Team:Freiburg/Results/Modeling
Modeling
Life as Complex Biochemical Networks
Nowadays, more and more information on biochemical networks is collected, and a lot is already known yet. Understanding biochemical networks is in general important for understanding signaling pathways within organisms, especially regarding medical health issues. Furthermore, it is needed for building new networks from scratch using synthetic biology.
However, the more components a network involves, the harder it gets to estimate how a complex network reacts to changes from both the inside and the outside. This is especially a problem, if entities change both in time and space. Experimentally studying all different components of a network for different possible conditions often is not only time-consumptive but also very expensive and and prove often to be impossible at the desired level.
Mathematical modeling of biological networks therefore is a powerful tool to support experimental research, predicting the behavior of networks both concerning time and space. These predictions can then be validated experimentally.
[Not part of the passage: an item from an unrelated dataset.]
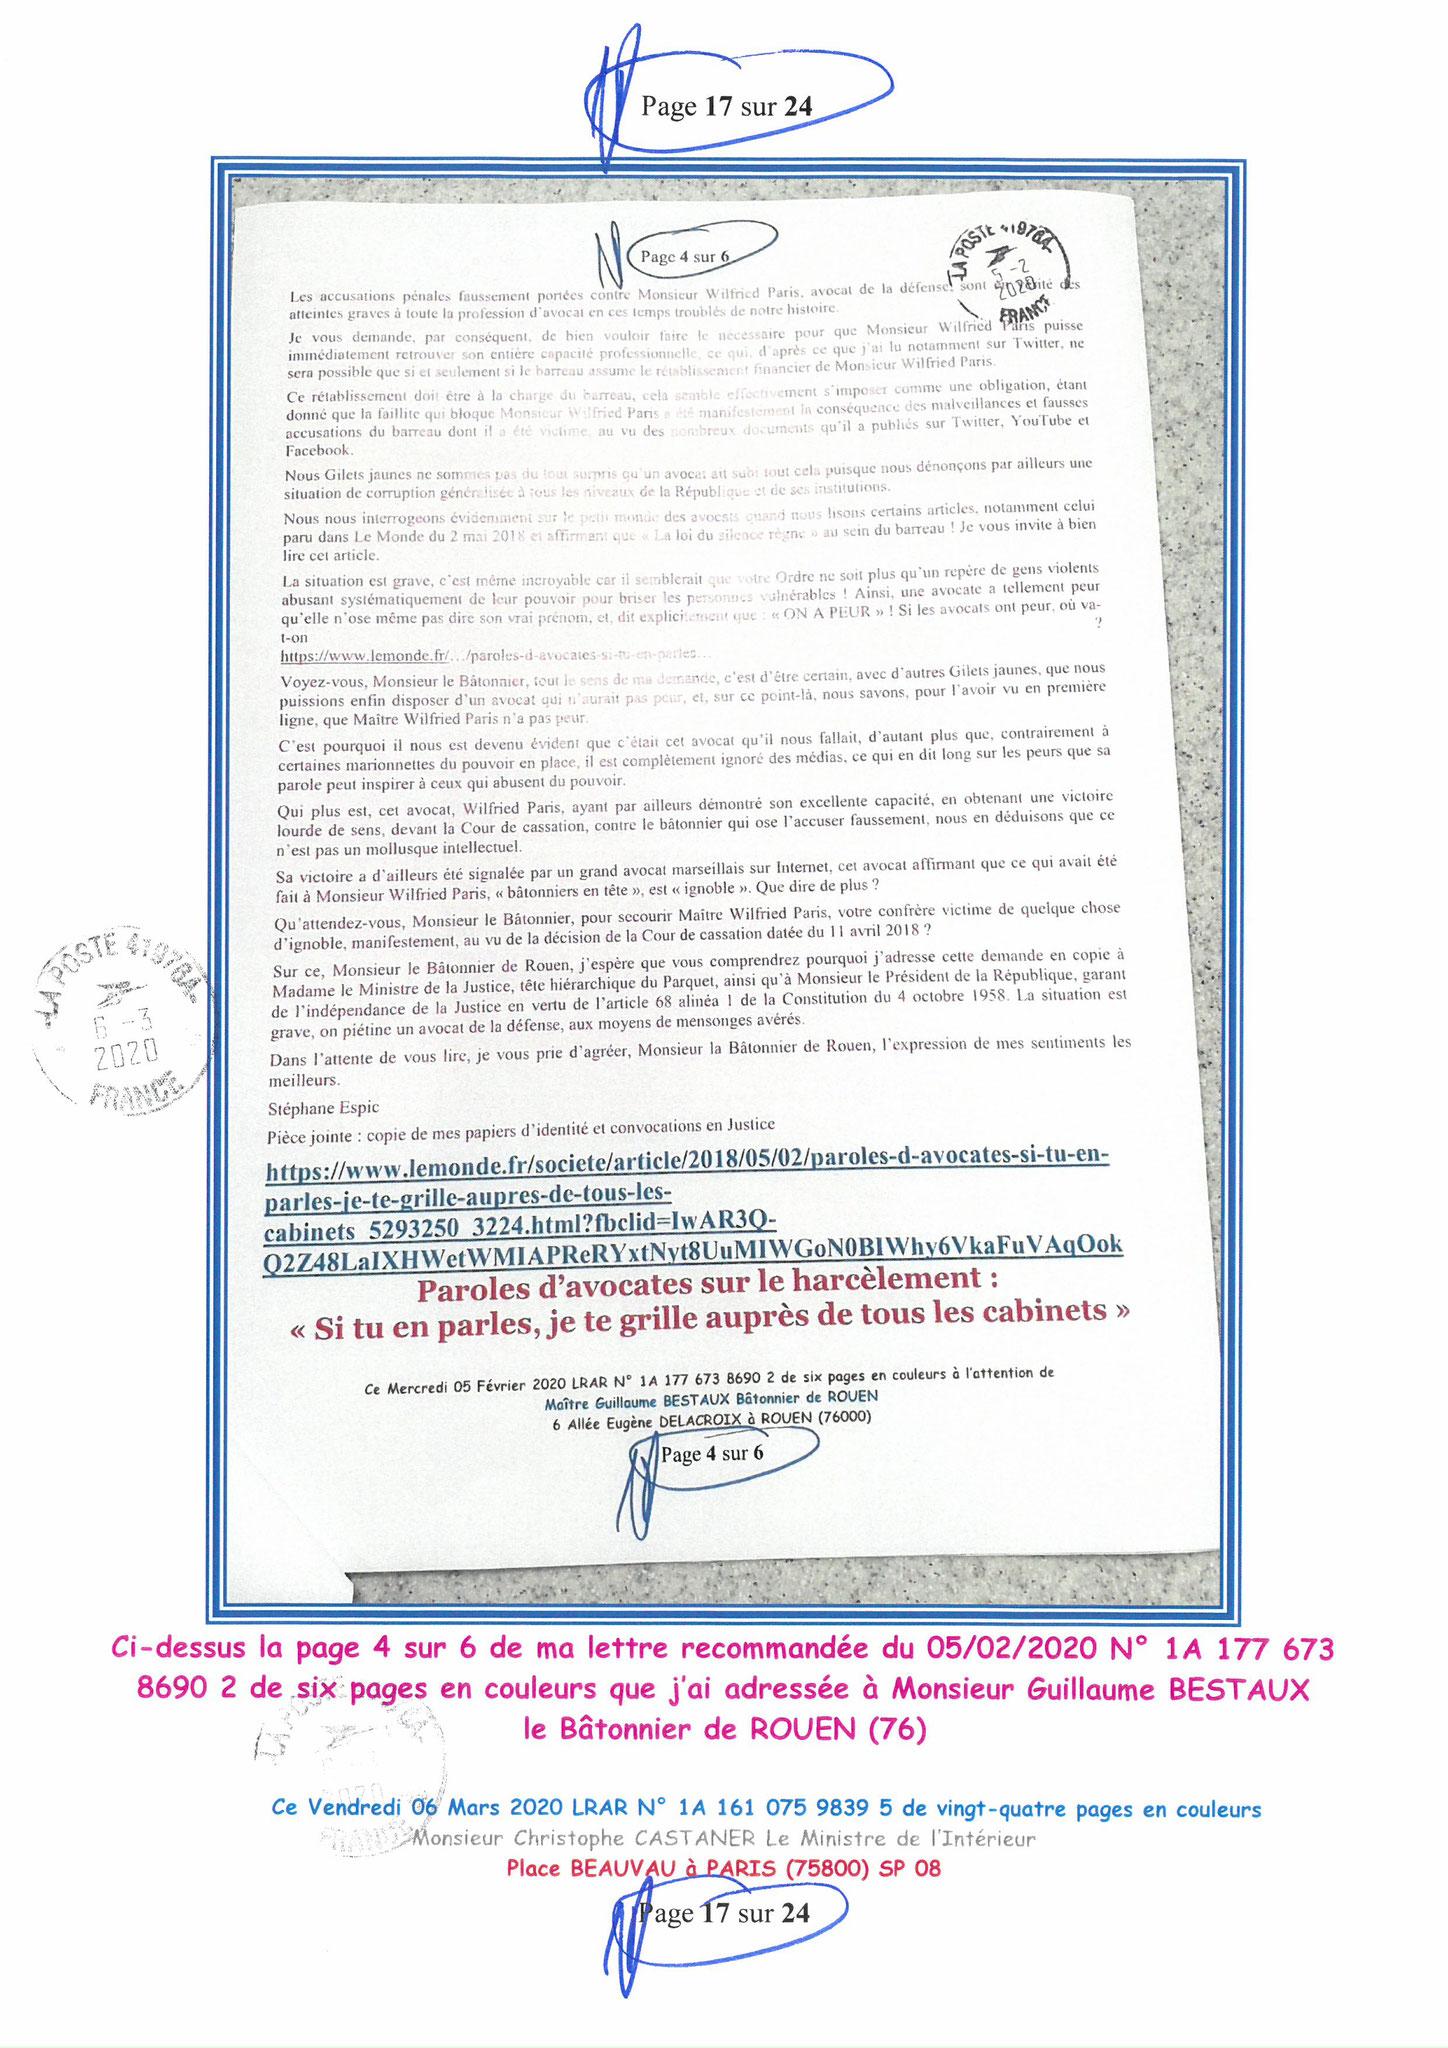 Ma LRAR à Monsieur le Ministre de l'Intérieur Christophe CASTANER N°1A 161 075 9839 5  Page 17 sur 24 en couleur du 06 Mars 2020  www.jesuispatrick.fr
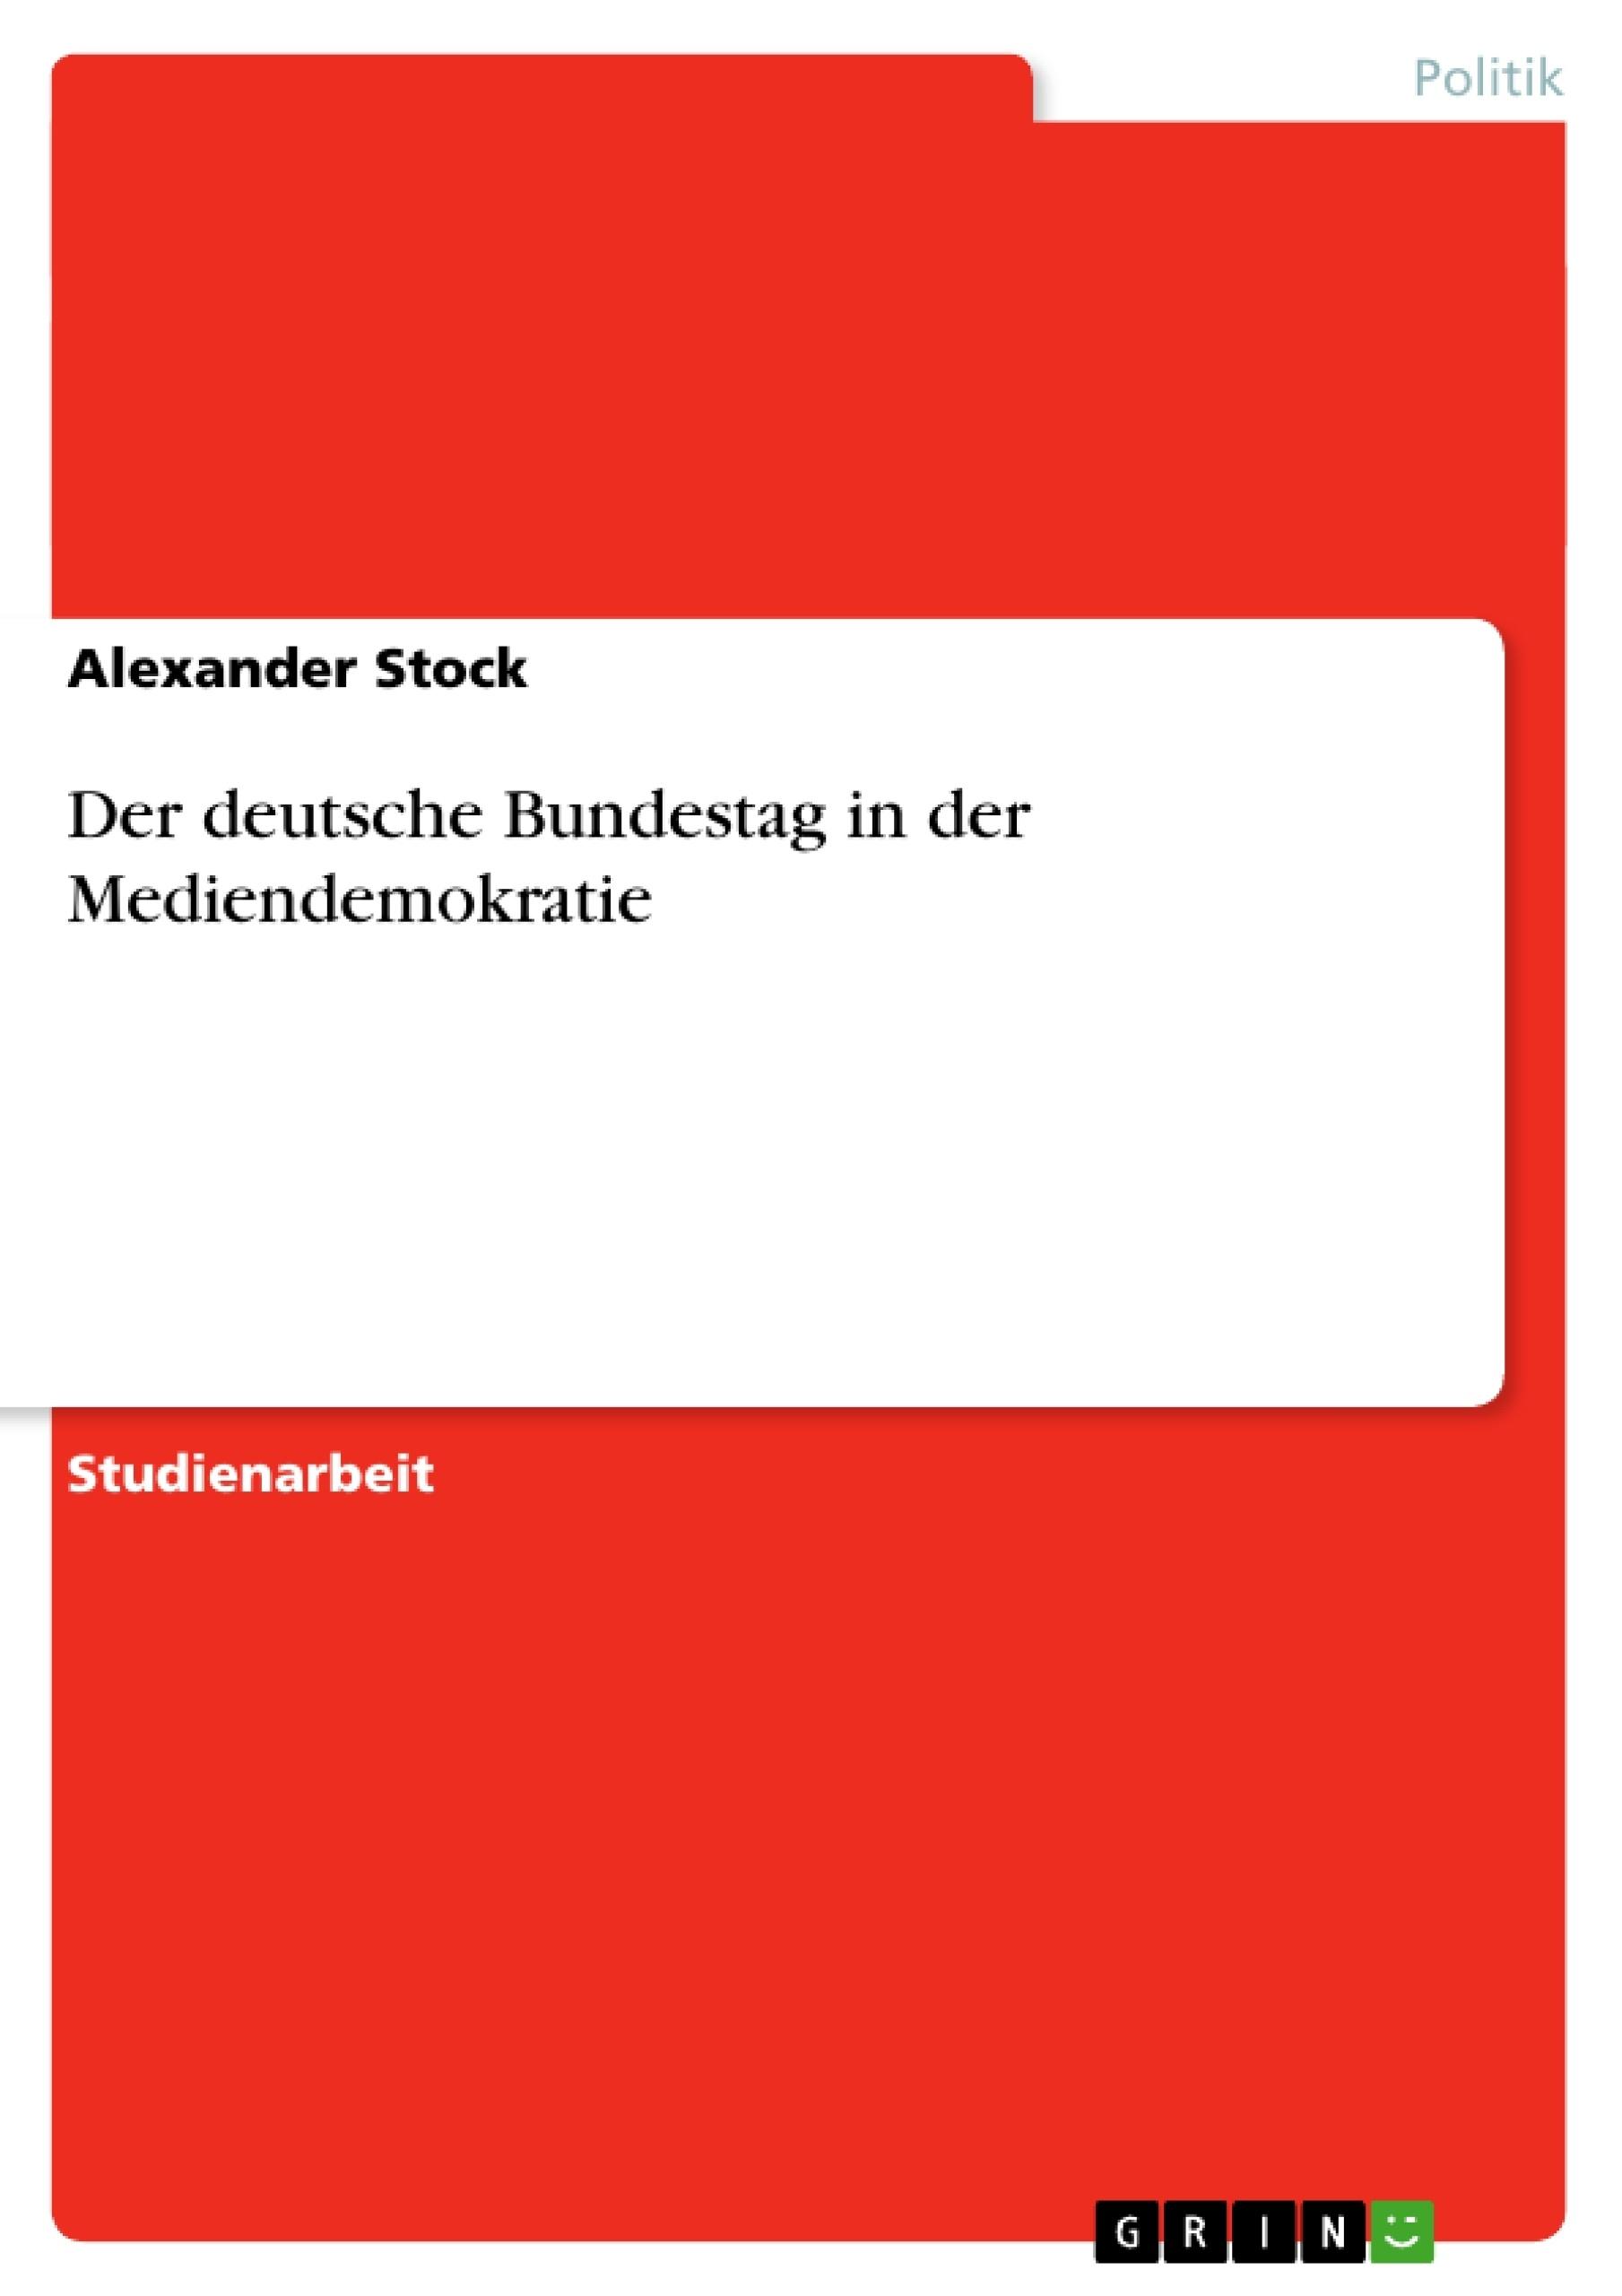 Titel: Der deutsche Bundestag in der Mediendemokratie

Two crucial biological processes within the DiaCHIP are cell-free expression and the diffusion of proteins to the specific chemical surface. Cell-free expression limits the DiaCHIP concerning amount and production rate . Protein diffusion limits the system regarding space thereby determining the maximum protein spot density one can still resolve. Therefore, we decided to model both cell-free expression and protein diffusion to predict the behavior of protein concentration in time and space.
With a model like this, it is possible to find the minimum time needed to get a sufficiently high concentration of protein for antibody detection. This reduces the time needed for diagnosis using the DiaCHIP. Furthermore, not only protein, but also other molecules' concentrations can be simulated. Therefore, bottlenecks within the biochemical system as well as limiting substrates can be predicted. Specifically increasing the concentration of such limiting substrates as well as substances involved in bottleneck processes may increase not only the overall protein yield but also speeds up synthesis.
Moreover, a cell-free expression model has huge potential for application on all systems dealing with protein expression in general. Although designed for cell-free systems, it represents the central dogma of biology and therefore mathematically describes a lot of processes involved in many biochemical networks.
Overview
Our System consists of the three biochemical and biophysical processes cell-free transcription, cell-free translation and diffusion of the protein to the chemical surface, as shown in figure 1. With our model we aim to simulate cell-free expression to predict the amount of protein synthesized during the course of time. We set up a system of ordinary differential equations (ODE System) based on the law of mass action, describing the kinetics of the single processes occurring during transcription and translation. Starting from a detailed description including 95 different entities and 100 different parameters, we defined additional assumptions to simplify our system to a total of 65 entities and 44 parameters. Kinetic constants and all other parameter values needed were researched in literature. If no values were found, appropriate values were suggested. As the final model can not be solved analytically, it was solved numerically using Mathematica. [REFERENCE]
Model Decription
1. Transcription
Transcription describes the processes of mRNA synthesis from the DNA template, the first part of the central dogma of biology, as shown in figure 2. Unspecific binding is also displayed here. The detailed system inherits 33 different entities described by their corresponding ODEs and 31 parameters. Using a set of XX assumptions, the system was simplified to 14 entities and 10 parameters.
Detailed System
[UNDERLYING ASSUMPTION] - DONE[NOMENCLATURE] [ODE SYSTEM] - DONE
Simplified System
[UNDERLYING ASSUMPTION] - DONE[NOMENCLATURE]
[ODE SYSTEM] - DONE
2. Translation
Translation describes the processes of protein synthesis from the mRNA template, the second part of the central dogma of biology, as shown in figure 3. Unspecific binding is neither displayed in the figure not included into the mathematical description due to the sheer amount of entities and parameters inherited. The detailed system consists of 62 different entities described by their corresponding ODEs and 69 parameters. Using a set of XX assumptions, the system was simplified to 51 entities and 34 parameters.
Detailed System
[PICTURE] - DONE [UNDERLYING ASSUMPTION] - DONE[NOMENCLATURE] [ODE SYSTEM] - DONE
Simplified System
[UNDERLYING ASSUMPTION] - DONE[NOMENCLATURE] [ODE SYSTEM] - DONE
3. Diffusion
3.1 Introduction and Motivation
In the final step of cellfree expression proteins being produced are diffusing inside the microfluidic chamber. We modeled an ideal case to provide a tool:
On the PDMS slide spots of bound DNA produce proteins with steadily decreasing production
rate. The product is distributed homogeneously on the spot and starts diffusing freely in the cell-free
mix. Furthermore besides convection through gravitation any interaction is assumed to be negligibly small. The coated iRIf glass is expected to be an ideal sink; any proteins reaching the slide are bound and therefore do not contribute to diffusion anymore.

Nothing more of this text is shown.